Ban on Stated Income Loans. Multiple witnesses at the Subcommittee's April 16, 2010 hearing on the role of bank regulators expressed support for banning stated income loans. The FDIC Chairman Sheila Bair testified: "We are opposed to stated income. … We think you should document income." |581| When asked for his opinion of stated income loans, the FDIC Inspector General Jon Rymer responded: "I do not think they should be allowed," |582| stressing the fraud risk: "I really can see no practical reason from a banker's perspective or a lender's perspective to encourage that. … That is just, to me, an opportunity to essentially encourage fraud." |583| Treasury Inspector General Eric Thorson also criticized stated income loans, explaining: "[T]he problem is, you can't assess the strength of the borrower and that has got to be at the foundation of underwriting, risk assessment, risk management." |584| Even the former head of OTS called stated income loans an "anathema" and expressed regret that OTS had allowed them. |585|
The Dodd-Frank Act essentially bans stated income loans by establishing minimum standards for residential mortgages in Title XIV of the law. Section 1411 establishes a new Section 129C of the Truth in Lending Act (TILA) prohibiting lenders from issuing a residential mortgage without first conducting a "good faith and reasonable" determination, based upon "verified and documented information," that a borrower has a "reasonable ability to repay the loan" and all applicable taxes, insurance, and assessments. Subsection 129C(a)(4) states the lender "shall verify" the borrower's income and assets by reviewing the borrower's W-2 tax form, tax returns, payroll receipts, financial institution records, or "other third-party documents that provide reasonably reliable evidence" of the borrower's income or assets. In addition, Section 1412 of the Dodd-Frank Act adds a new Subsection 129C(b) to TILA establishing a new category of "qualified mortgages" eligible for more favorable treatment under federal law. It states that, in all "qualified mortgages," the "income and financial resources" of the borrower must be "verified and documented."

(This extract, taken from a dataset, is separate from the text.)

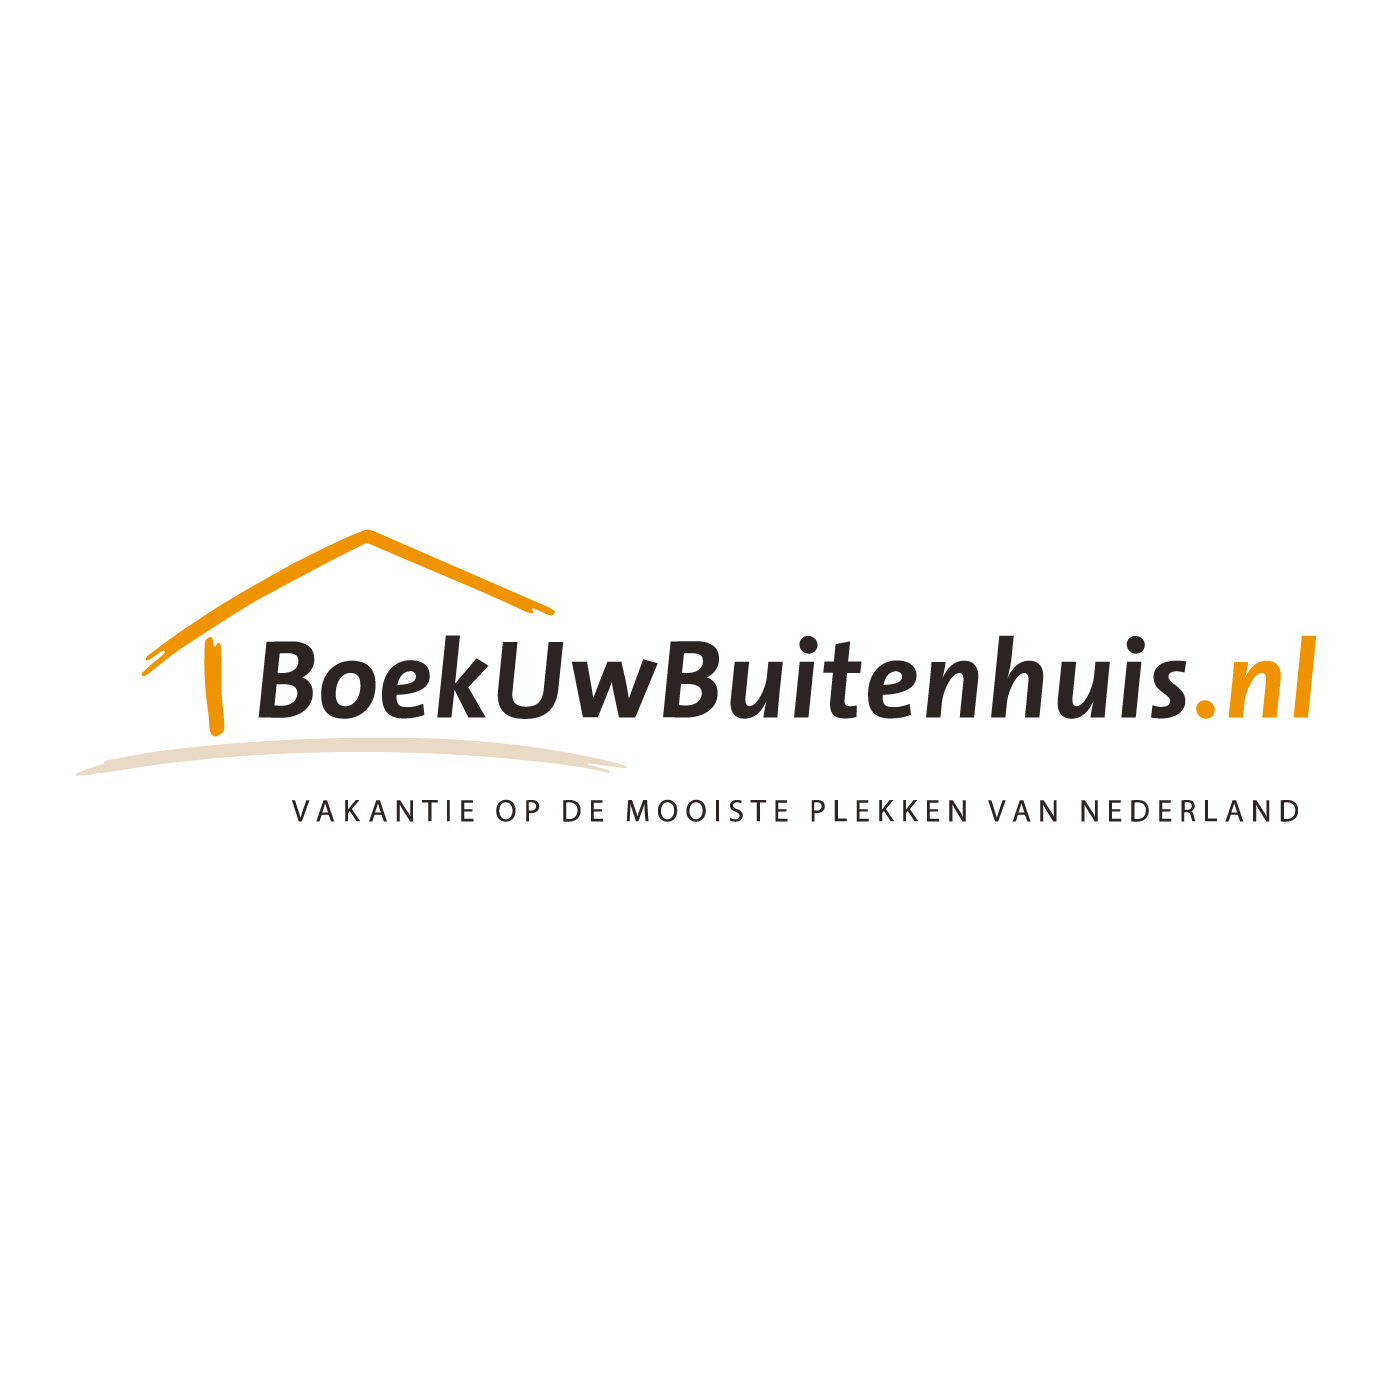 BoekUwBuitenhuis.nl reviews, beoordelingen en ervaringen

These statutory requirements, by prohibiting lenders from issuing a residential mortgage without first verifying the borrower's income and assets, essentially put an end to stated income loans. |586|
Restrictions on Negative Amortization Loans. Witnesses at the Subcommittee's April 16 hearing also criticized WaMu's heavy reliance on Option ARM loans. These loans provided borrowers with a low initial interest rate, which was followed at a later time by a higher variable rate. Borrowers were generally qualified for the loans by assuming they would pay the lower rather than the higher rate. In addition, borrowers were allowed to select one of four types of monthly payments, including a "minimum payment" that was less than the interest and principal owed on the loan. If the borrower selected the minimum payment, the unpaid interest was added to the unpaid loan principal, which meant that the loan debt could increase rather than decrease over time, resulting in negative amortization.
At the Subcommittee hearing, the FDIC Inspector General Jon Rymer warned that negative amortization loans are "extraordinarily risky" for both borrowers and banks. |587| The FDIC Chairman Sheila Bair testified:
"We are opposed to teaser rate underwriting. You need to underwrite at the fully indexed rate. You should document the customer's ability to repay, not just the initial introductory rate, but if it is an adjustable product, when it resets, as well." |588|
The Dodd-Frank Act does not ban negatively amortizing loans, but does impose new restrictions on them. Section 1411 amends TILA by adding a new Section 129C(6) that requires, for any residential mortgage that allows a borrower "to defer the repayment of any principal or interest," that the lender vet potential borrowers based upon the borrower's ability to make monthly loan payments on a fully amortizing schedule—meaning a schedule in which the loan would be fully repaid by the end of the loan period—instead of evaluating the borrower's ability to make payments at an initial teaser rate or in some amount that is less than the amount required at a fully amortized rate. The law also requires the lender, when qualifying a borrower, to "take into consideration any balance increase that may accrue from any negative amortization provision." This provision essentially codifies the provisions in the 2006 Nontraditional Mortgage Guidance regarding qualification of borrowers for negatively amortizing loans.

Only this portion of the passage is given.